EXCERPTED DATA Block Start

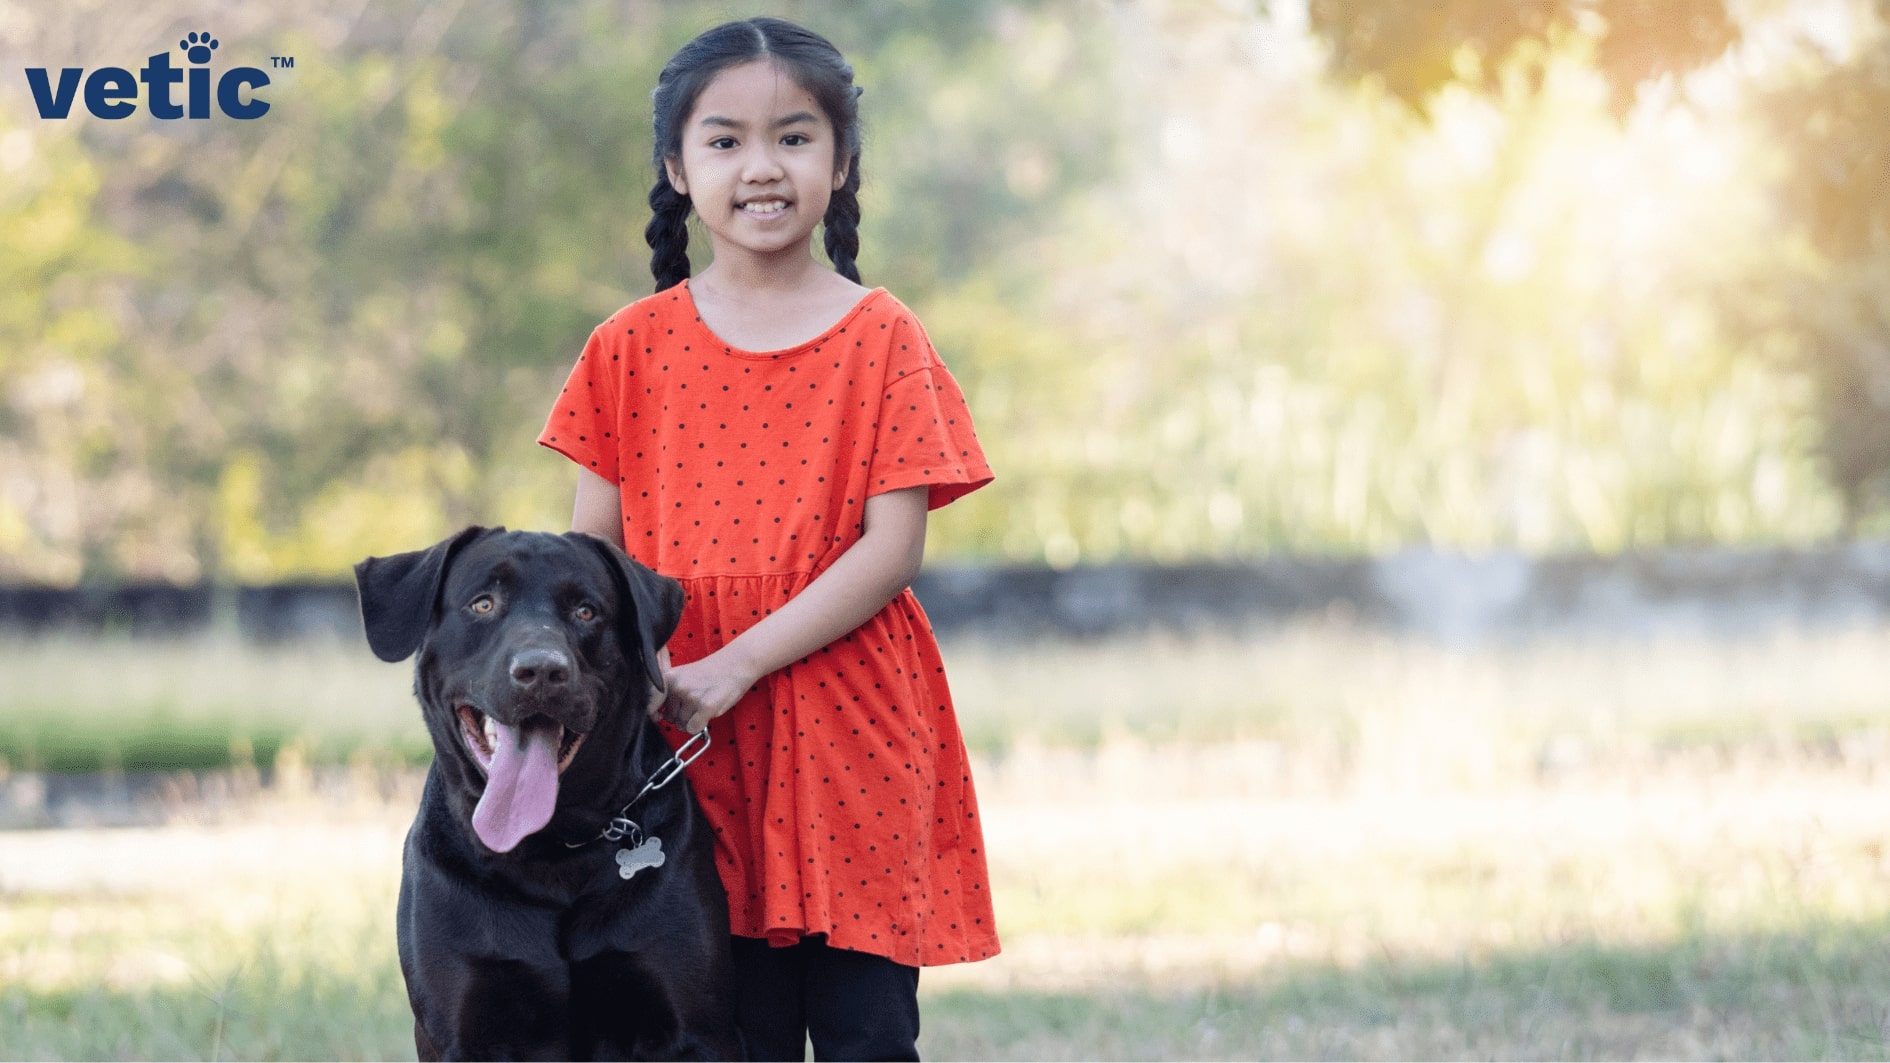 Young girl in a red dress and hair in two plaits standing and holding her black Labrador Retriever by the collar.
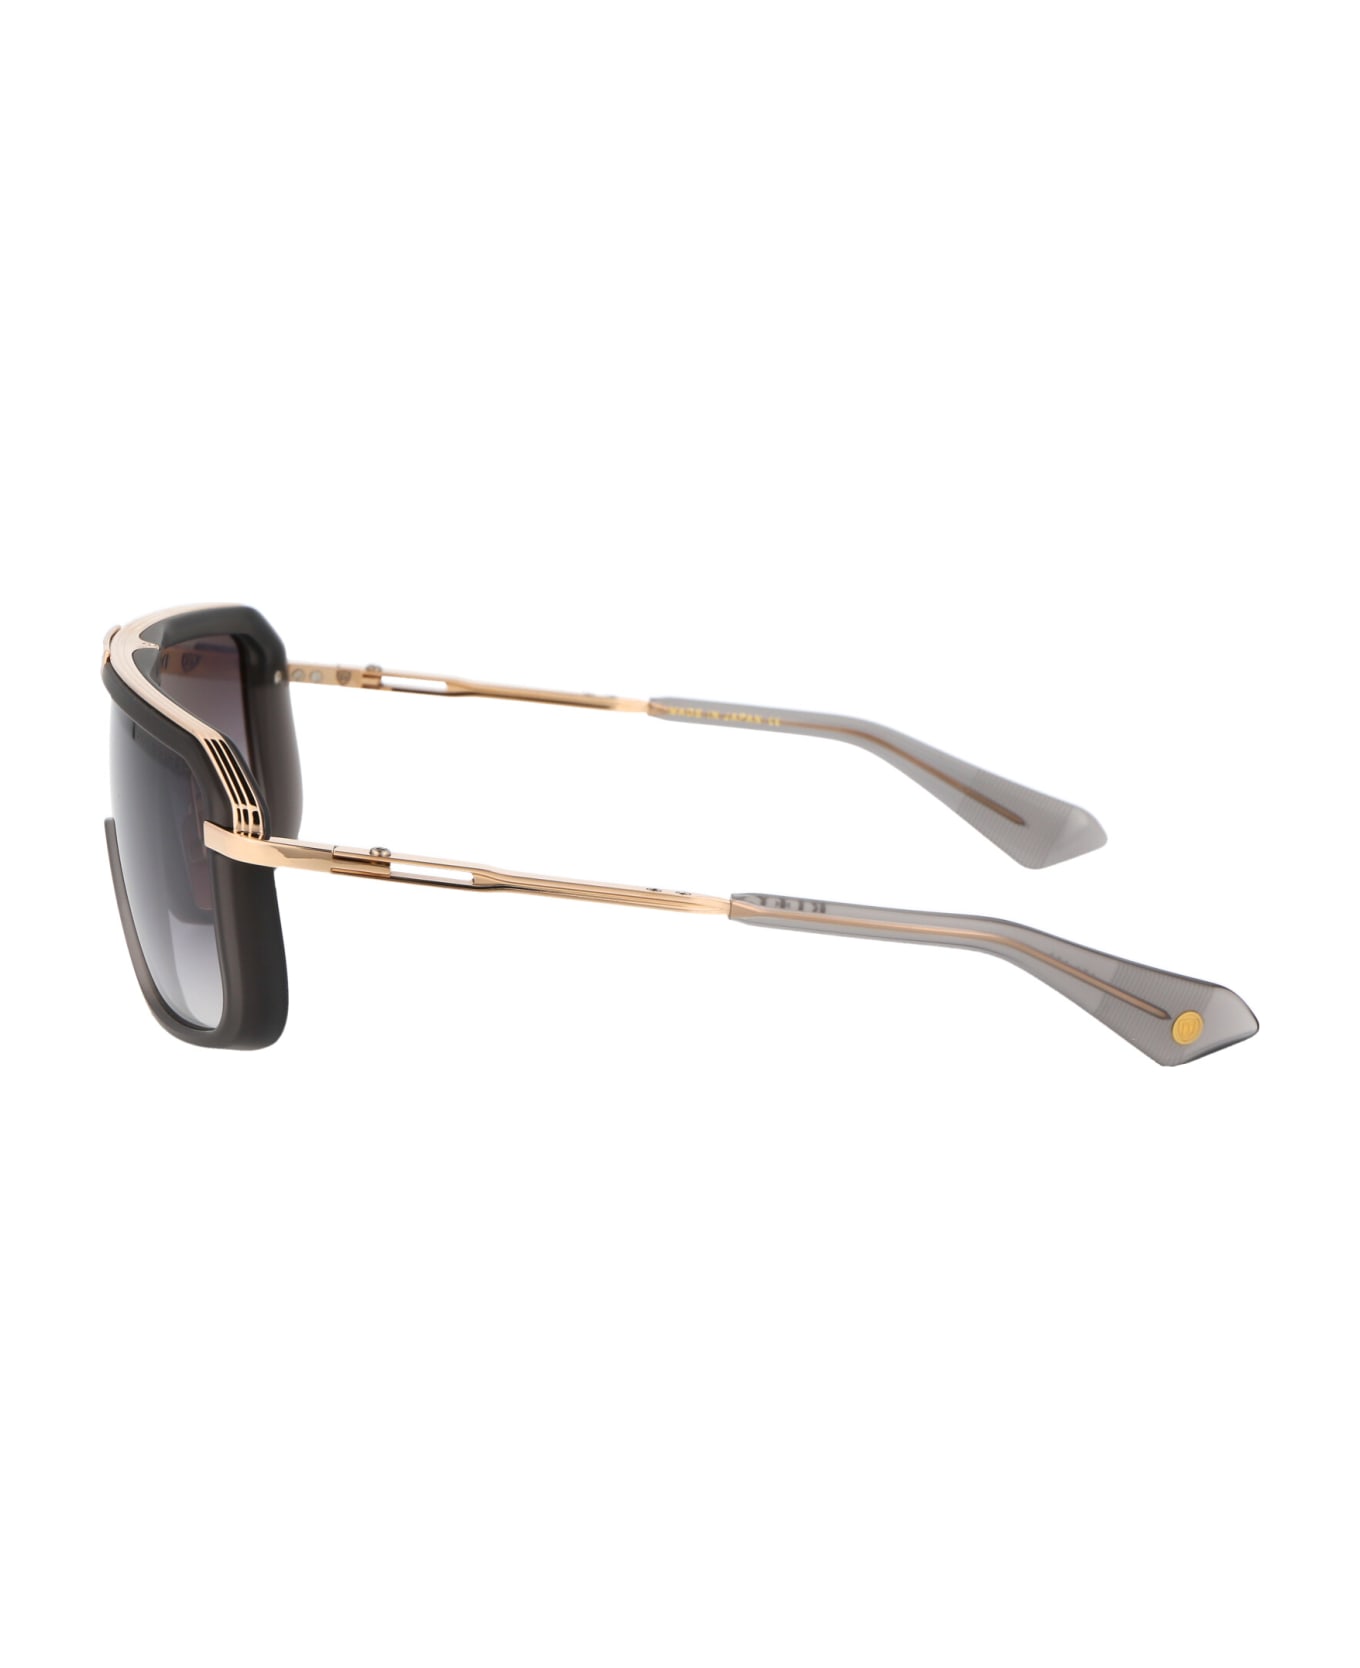 Dita Mach-eight Sunglasses - Satin Crystal Grey - White Gold to Clear
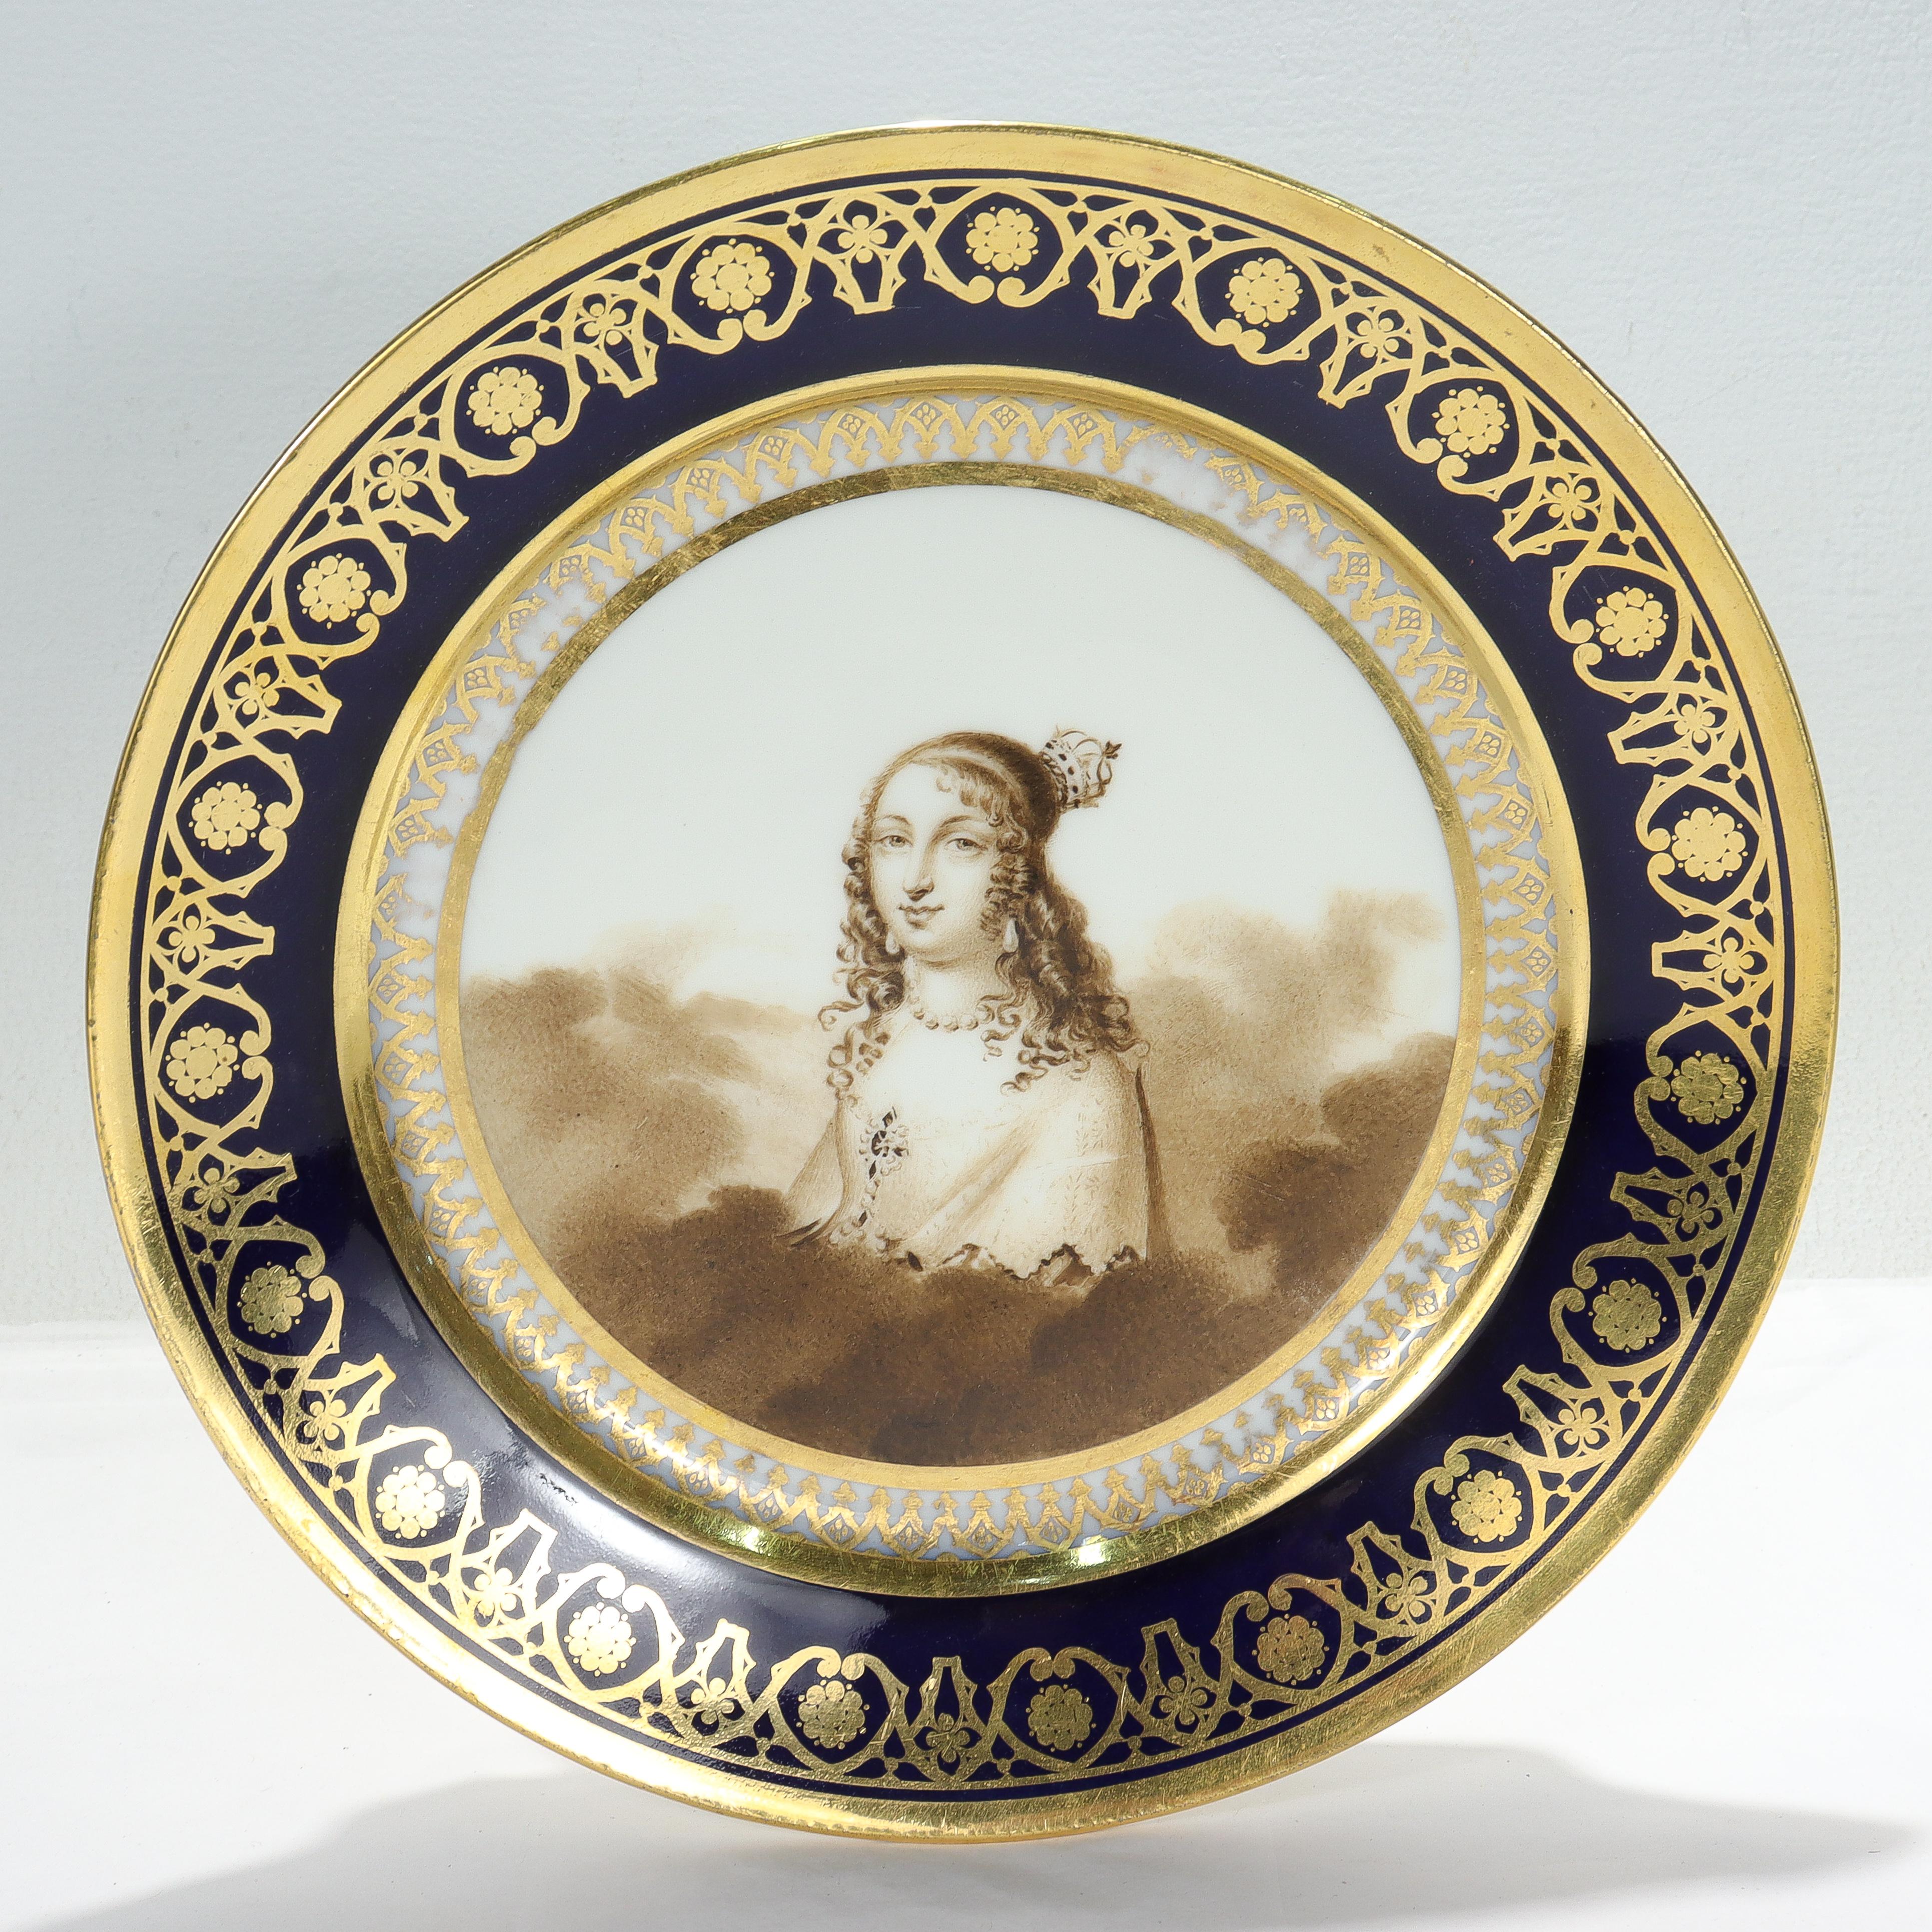 A fine antique Nyon Swiss hand painted porcelain cabinet plate with cobalt blue rim.

With a richly gilt cobalt border & decorated to the center with a hand painted portrait of a lady with crown amongst clouds in sepia tones.

Marked with the

EXCERPTED DATA Block End

### TASK TO CARRY OUT
Restate the material above word for word, omitting the pictures.

### WORKED SOLUTION
 Young girl in a red dress and hair in two plaits standing and holding her black Labrador Retriever by the collar.
 Dita Mach-eight Sunglasses - Satin Crystal Grey - White Gold to Clear
 A fine antique Nyon Swiss hand painted porcelain cabinet plate with cobalt blue rim.

With a richly gilt cobalt border & decorated to the center with a hand painted portrait of a lady with crown amongst clouds in sepia tones.

Marked with the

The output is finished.